Happy National Corn Fritter day! Or, if you want to travel back in time to Friday, when this episode was recorded, happy late National French Fry Day, too. Whatever you want to celebrate, it's always a special occasion when there's new music.

This week's episode of All Songs Considered features the return of several veteran favorites. The Canadian rock band Metric released a raw and ragged new single called "Dark Saturday," a biting track about the super-rich that portrays, as frontwoman Emily Haines puts it, "a dystopian nightlife scene of gaudy wealth where oblivious party girls say nauseating things like 'I'm so rich, everything's free.'" Ireland's Villagers returns with their single "A Trick of the Light," and guitarist Richard Thompson, whose mastery over the instrument has won him recognition as one of the Top 100 Guitarists of All Time, just announced his first self-produced album in over a decade called 13 Rivers. We play "The Storm Won't Come," a powerful display of his talent.

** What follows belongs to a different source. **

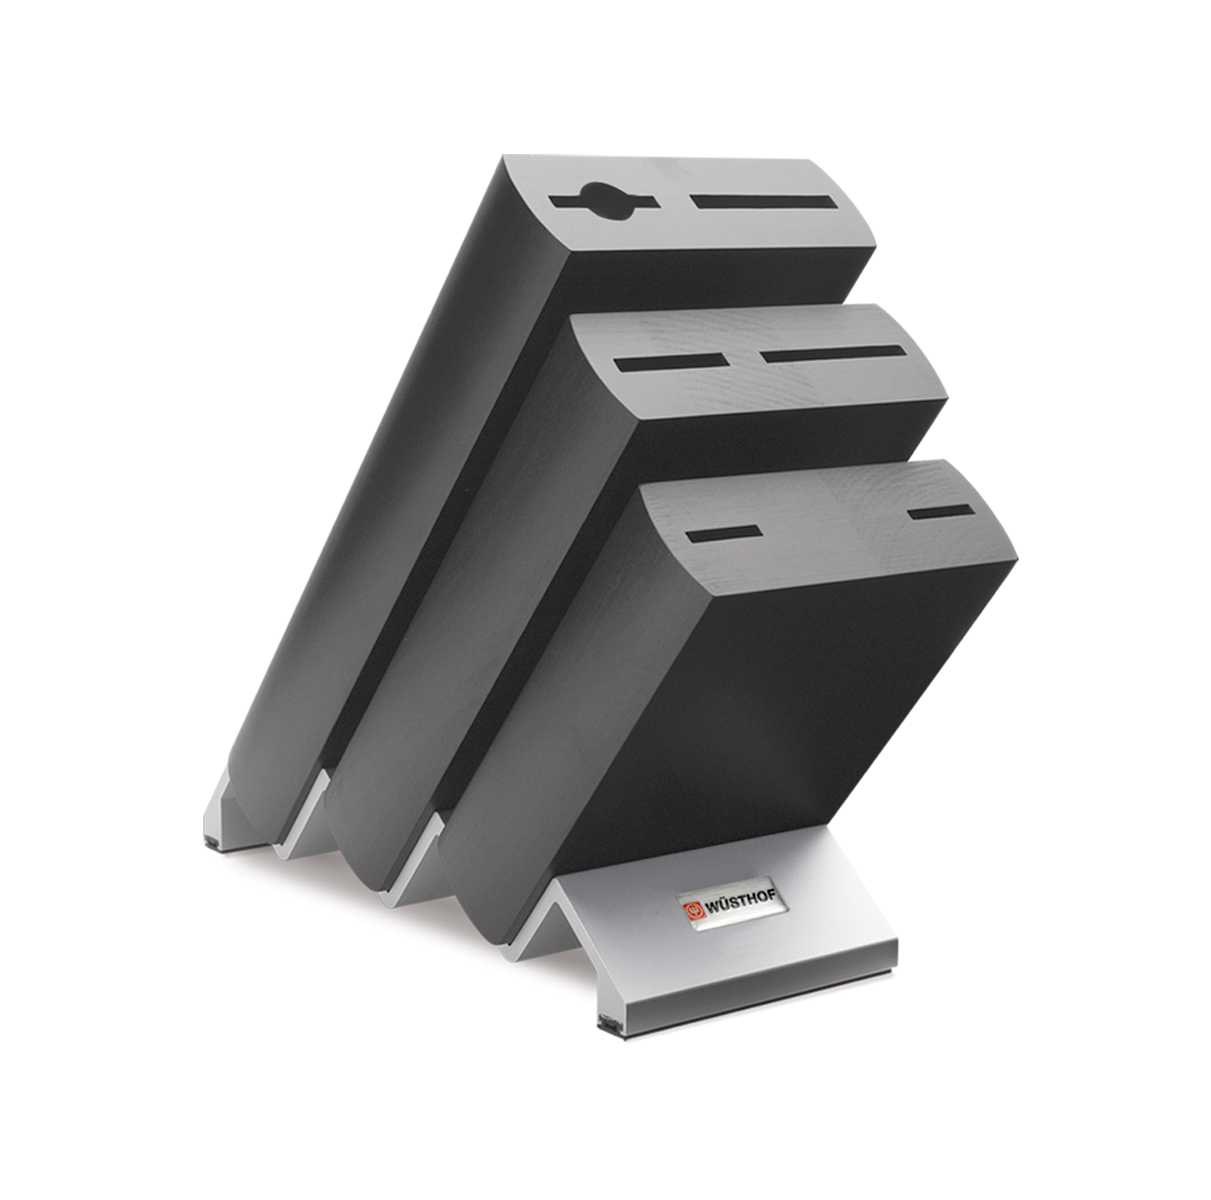 Блок для ножей деревянный на 6 предметов Wuesthof Storing Accessories, серый Wuesthof 7250 фото 0

This episode is also full of previously-unknown discoveries, like the self-proclaimed "radical indigenous queer feminist" Black Belt Eagle Scout, whose quixotic "Soft Stud" showcases a lyrical intimacy and fuzzy guitar edge reminiscent of Mitski. We also play the Australian band The Goon Sax, which produces pop so mature and observant from three band mates all under age 20.

All that, plus a sparse and dreamy electronic track from songwriter Mirah and gritty experimental guitar from Ohmme.